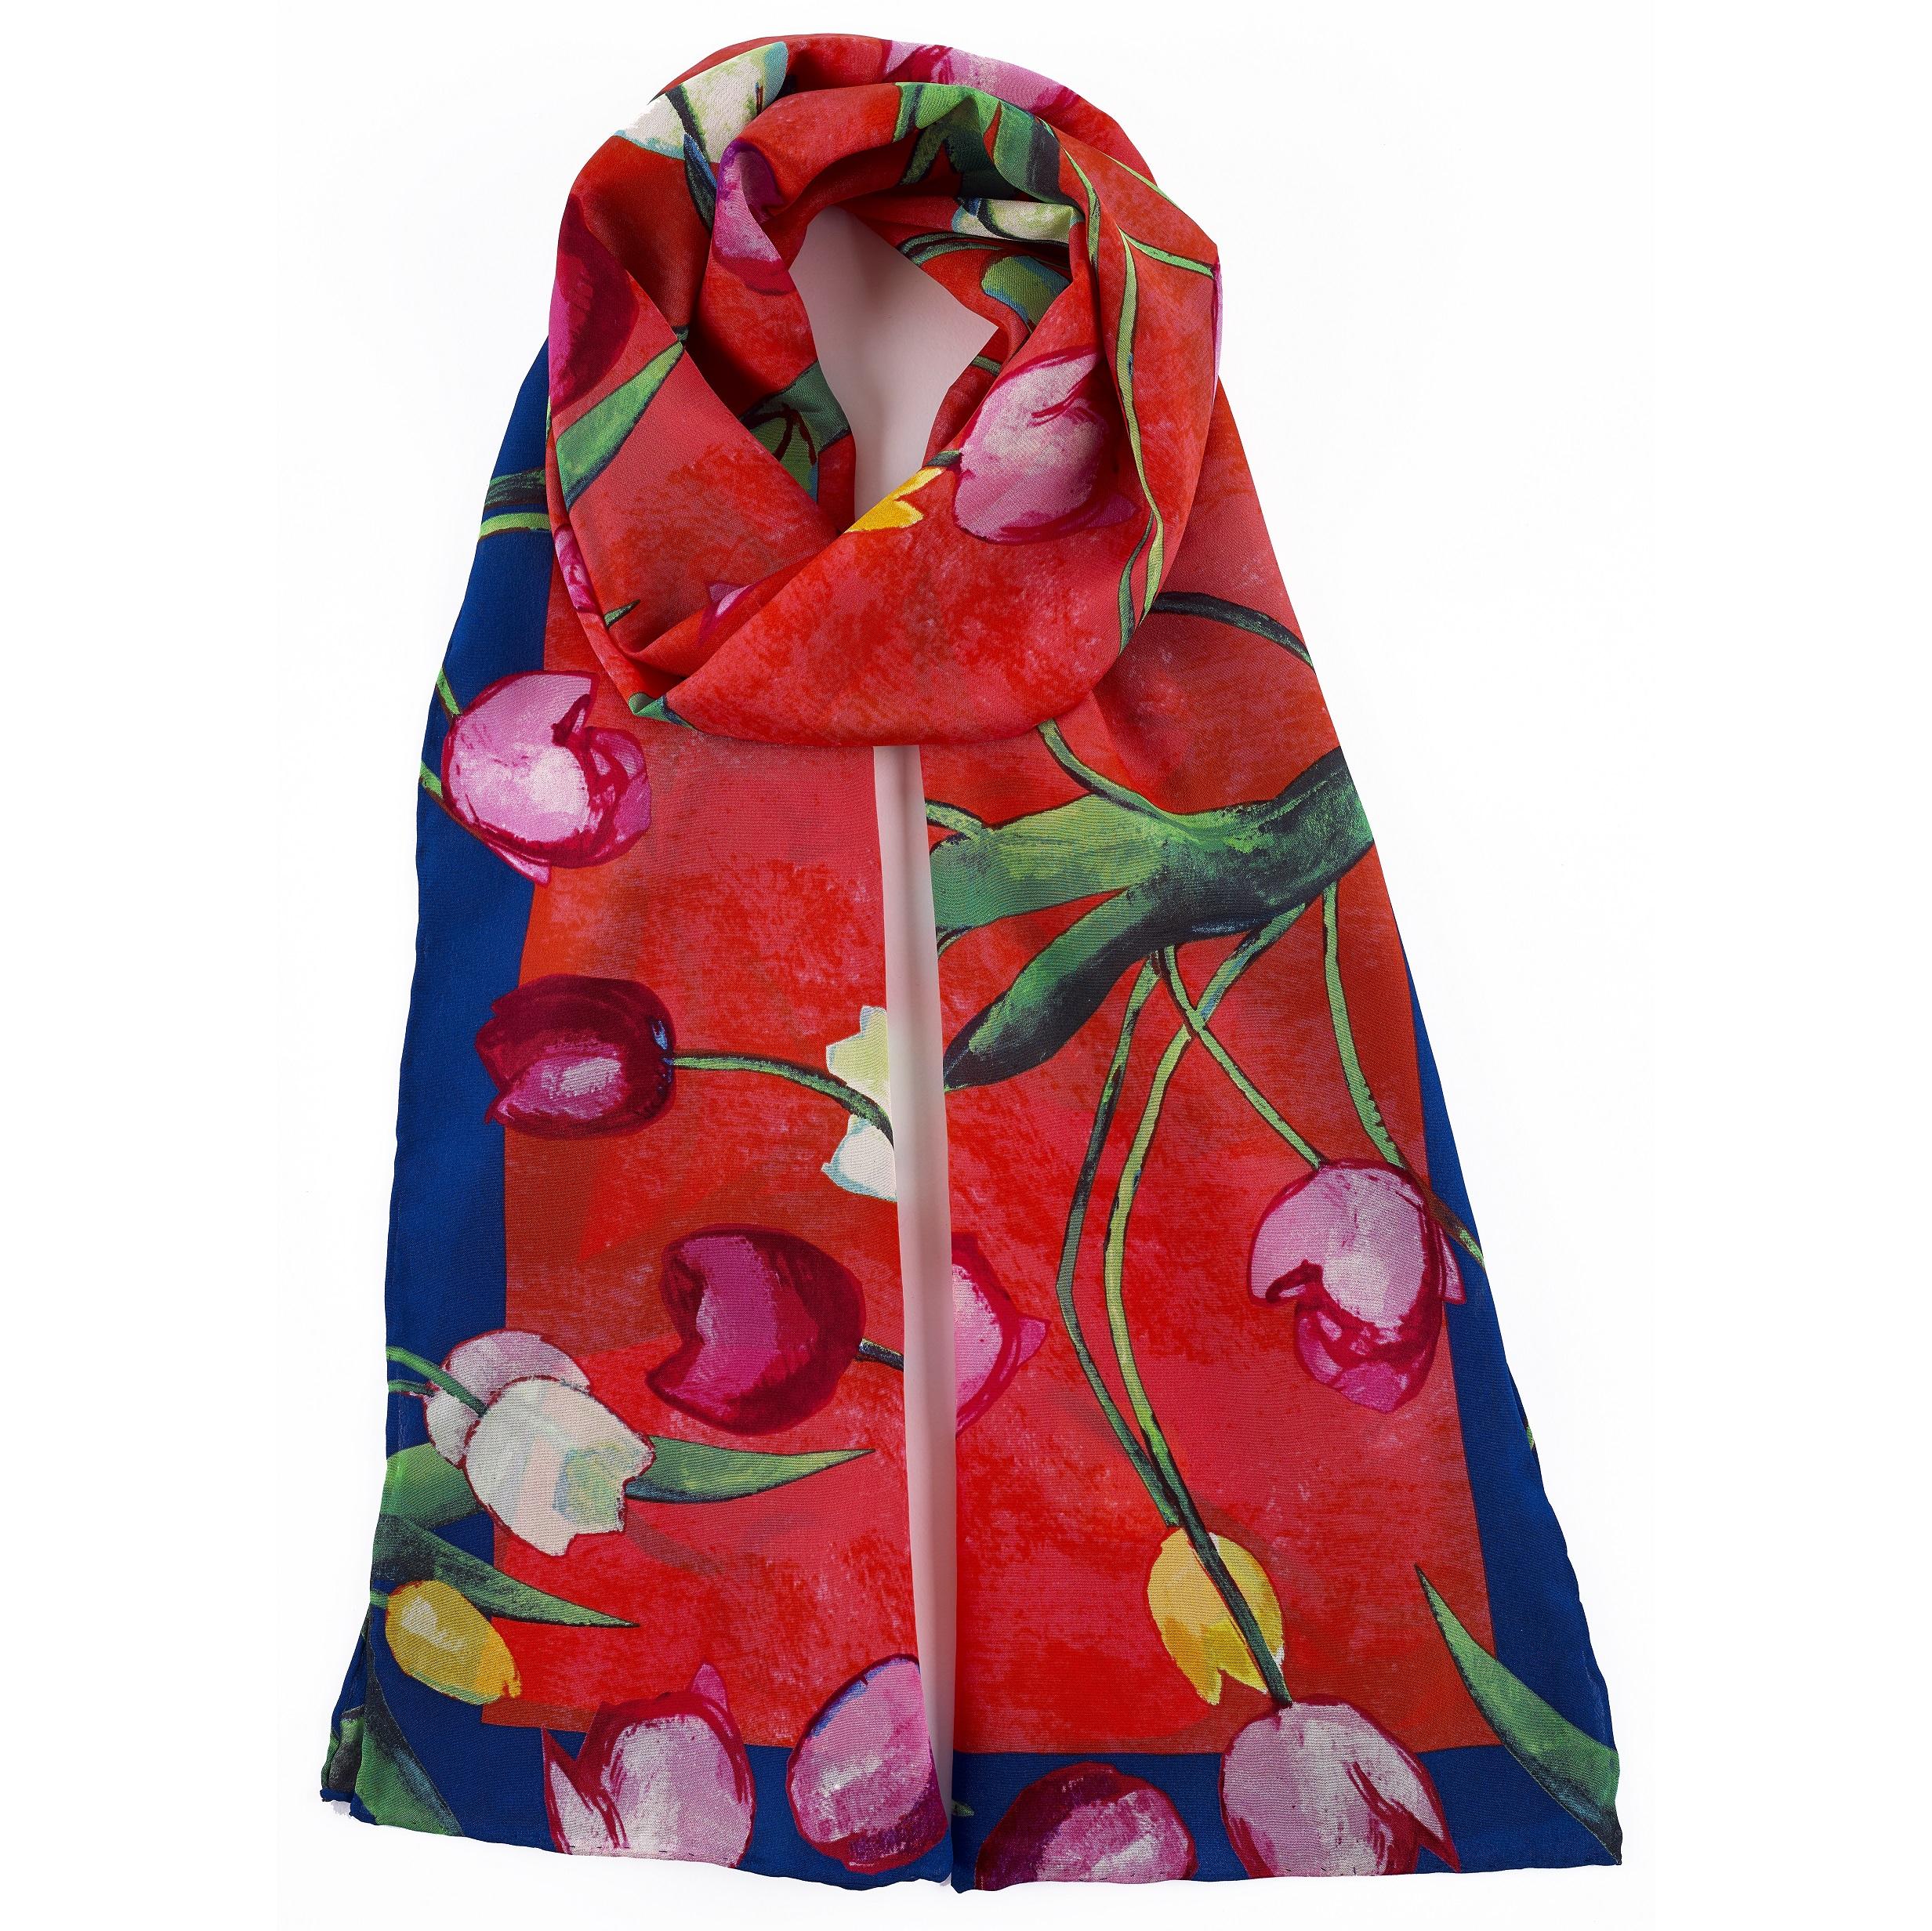 Tulips Samuel John Peploe Silk Scarf
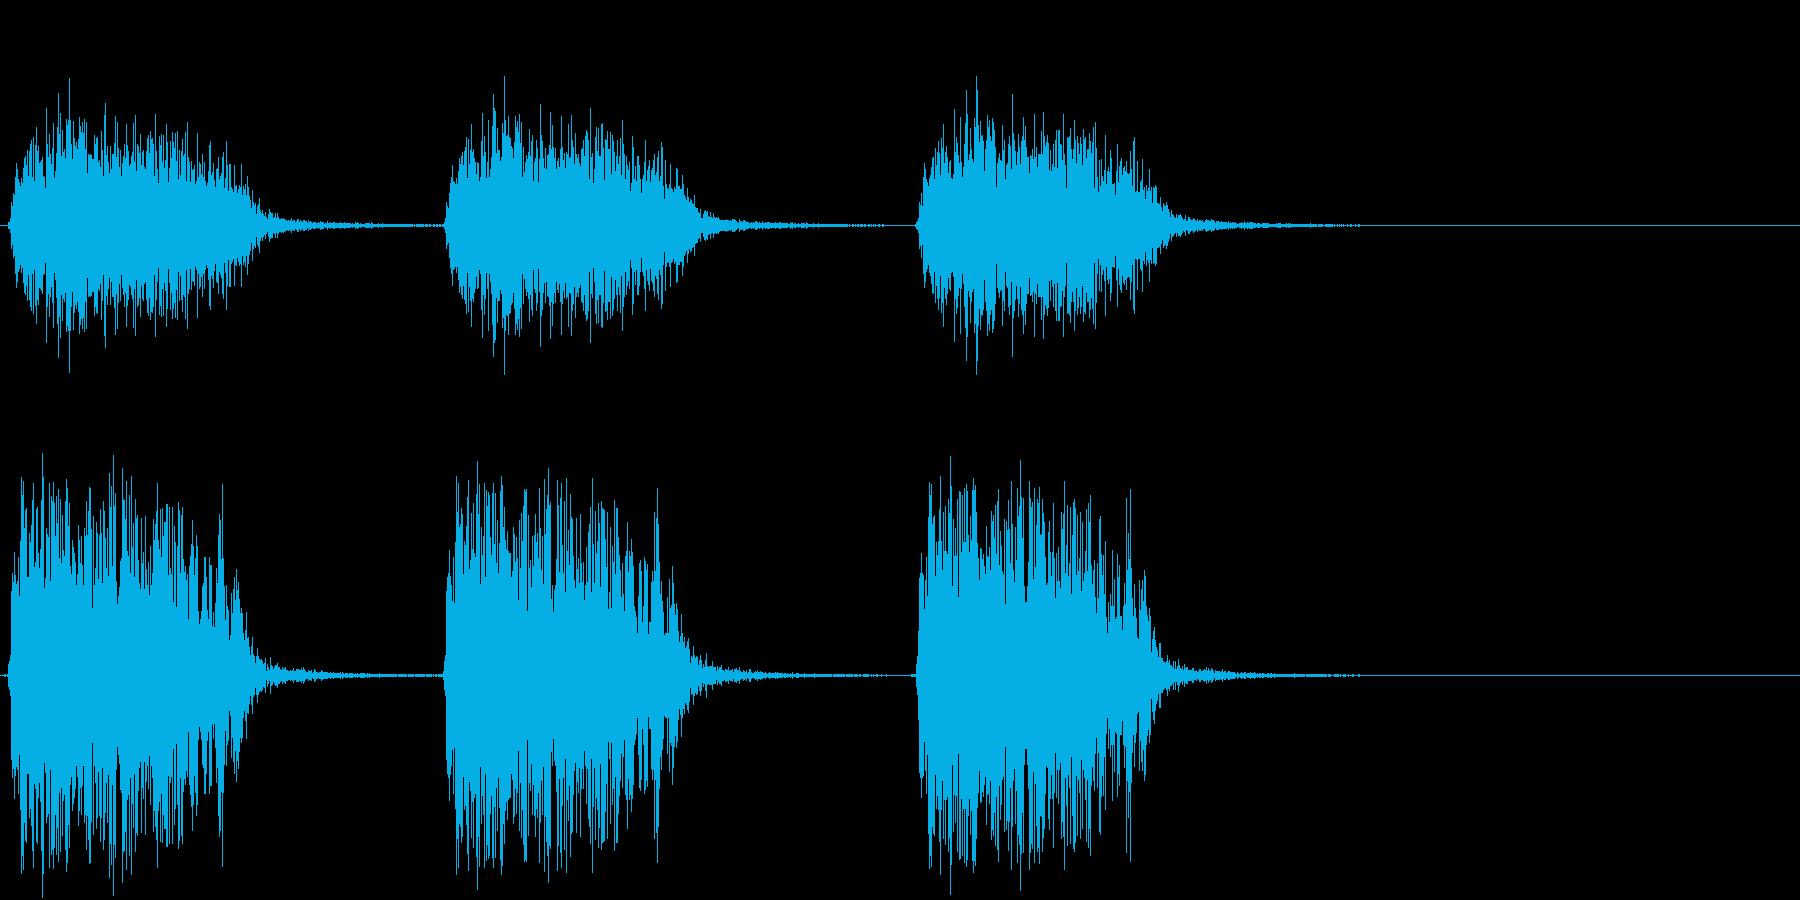 【生録音】カラスの鳴く音1 カーカーカーの再生済みの波形
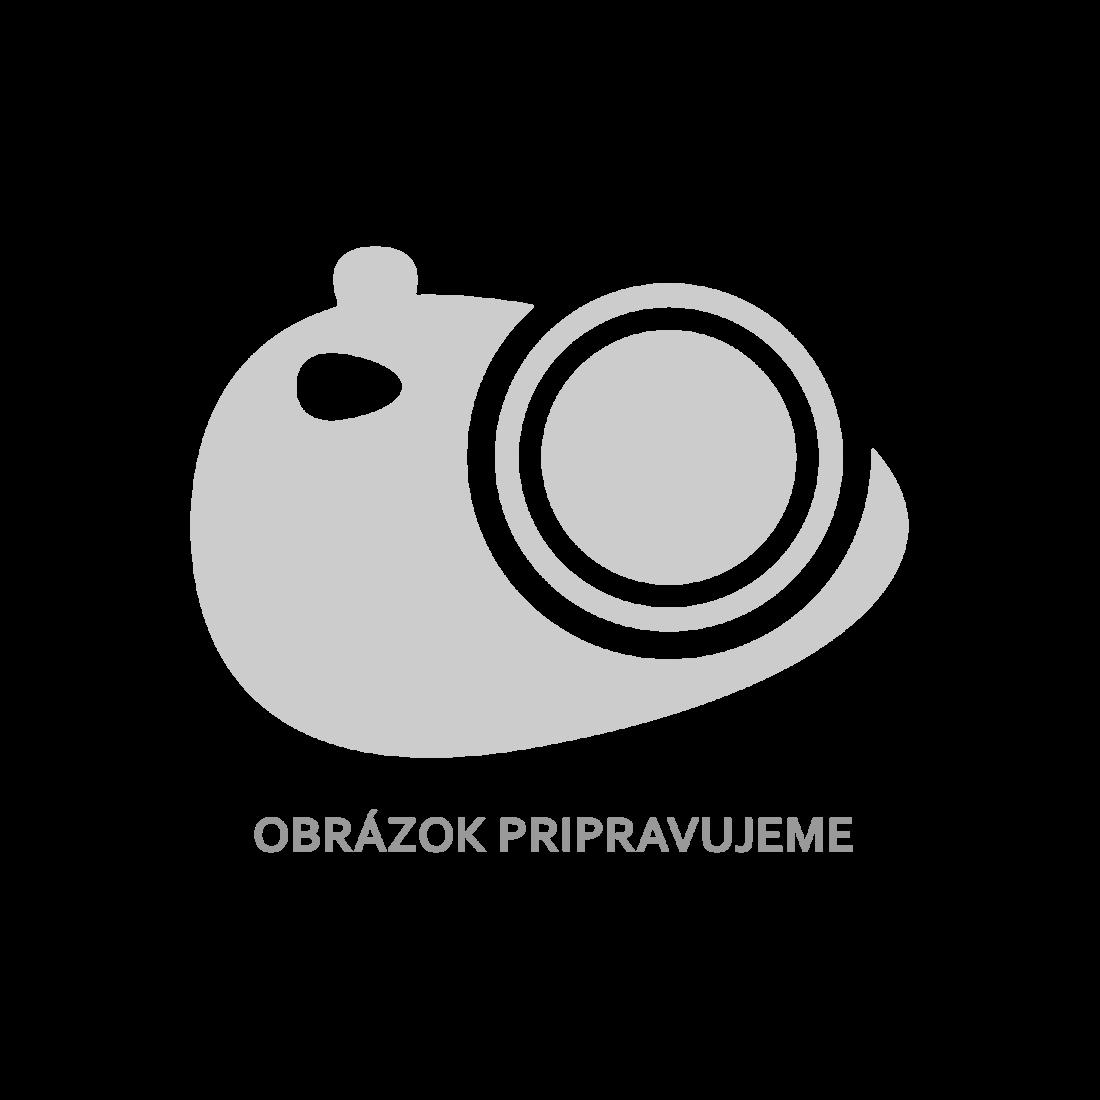 5 ks 120 cm dlhých panelov na ohraničenie trávnika

INSTRUCTIONS TO FOLLOW
The task calls for duplicating the data exactly, with no images kept.

SOLUTION
 Tulips Samuel John Peploe Silk Scarf
 【生録音】カラスの鳴く音1 カーカーカーの再生済みの波形
 5 ks 120 cm dlhých panelov na ohraničenie trávnika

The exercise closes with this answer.